Claude Code stores every conversation as JSONL files in ~/.claude/projects/. These contain the full back-and-forth of every research session — hypotheses tested, code written, experiments run, dead ends hit. Without exporting them, this research history is invisible and eventually lost when sessions age out or the machine changes.

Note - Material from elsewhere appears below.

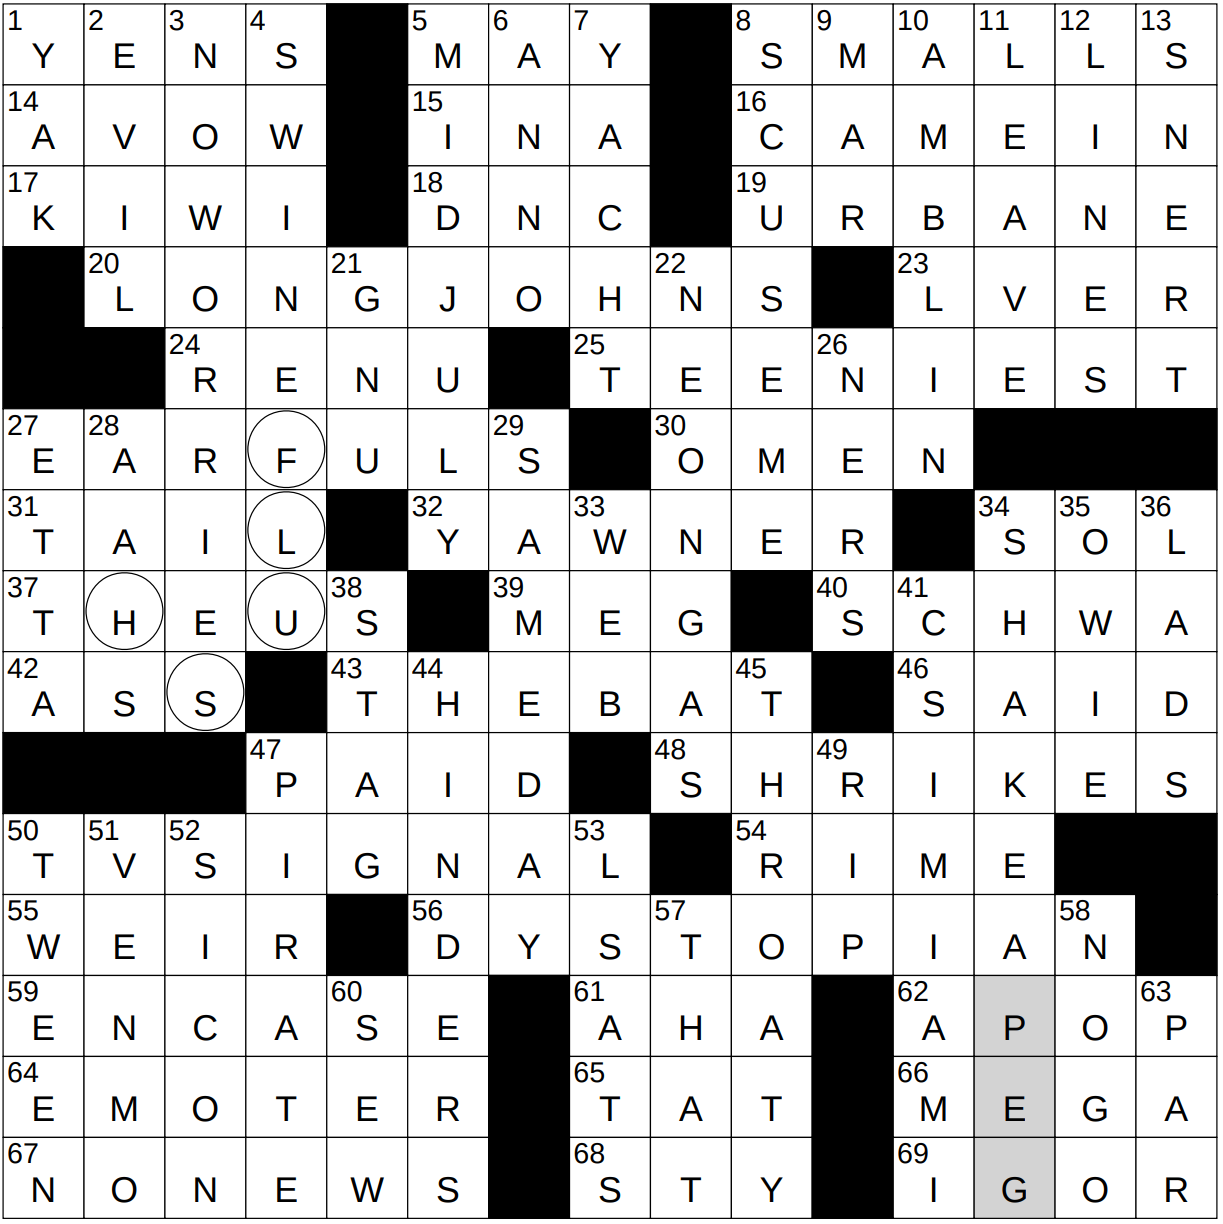 1208 22 NY Times Crossword 8 Dec 22 Thursday NYXCrossword com

The exported traces let us:

Review what each agent actually did during parallel experiments (sparse-parity team had 4 agents, research-loop had 5, blank-slate had 3)
Find abandoned ideas worth revisiting
See which approaches were tried and why they failed
Reconstruct the reasoning behind decisions in DISCOVERIES.md

Usage¶

python3 .traces/export_sessions.py              # export all sessions
python3 .traces/export_sessions.py --list       # list sessions with metadata
python3 .traces/export_sessions.py SESSION_ID   # export one session
python3 .traces/export_sessions.py --team sparse-parity  # export one team

How It Works¶

Reads JSONL files from ~/.claude/projects/-Users-yadkonrad-dev-dev-year26-feb26-SutroYaro/
Parses the nested message format (entry.message.role, entry.message.content)
Extracts text from content blocks, summarizes tool calls (Read, Write, Edit, Bash, Grep, Agent, etc.)
Strips <system-reminder> tags and skips system messages
Writes readable text files to .traces/sessions/ with YOU / CLAUDE labels
Generates INDEX.md with a table of all exported sessions

Filenames include team and agent names when available: sparse-parity-metrics-agent-04f577d0.txt.

Privacy¶

The .traces/sessions/ directory is gitignored. The export script is committed, the outputs are not. Session traces contain raw conversation data and should stay local.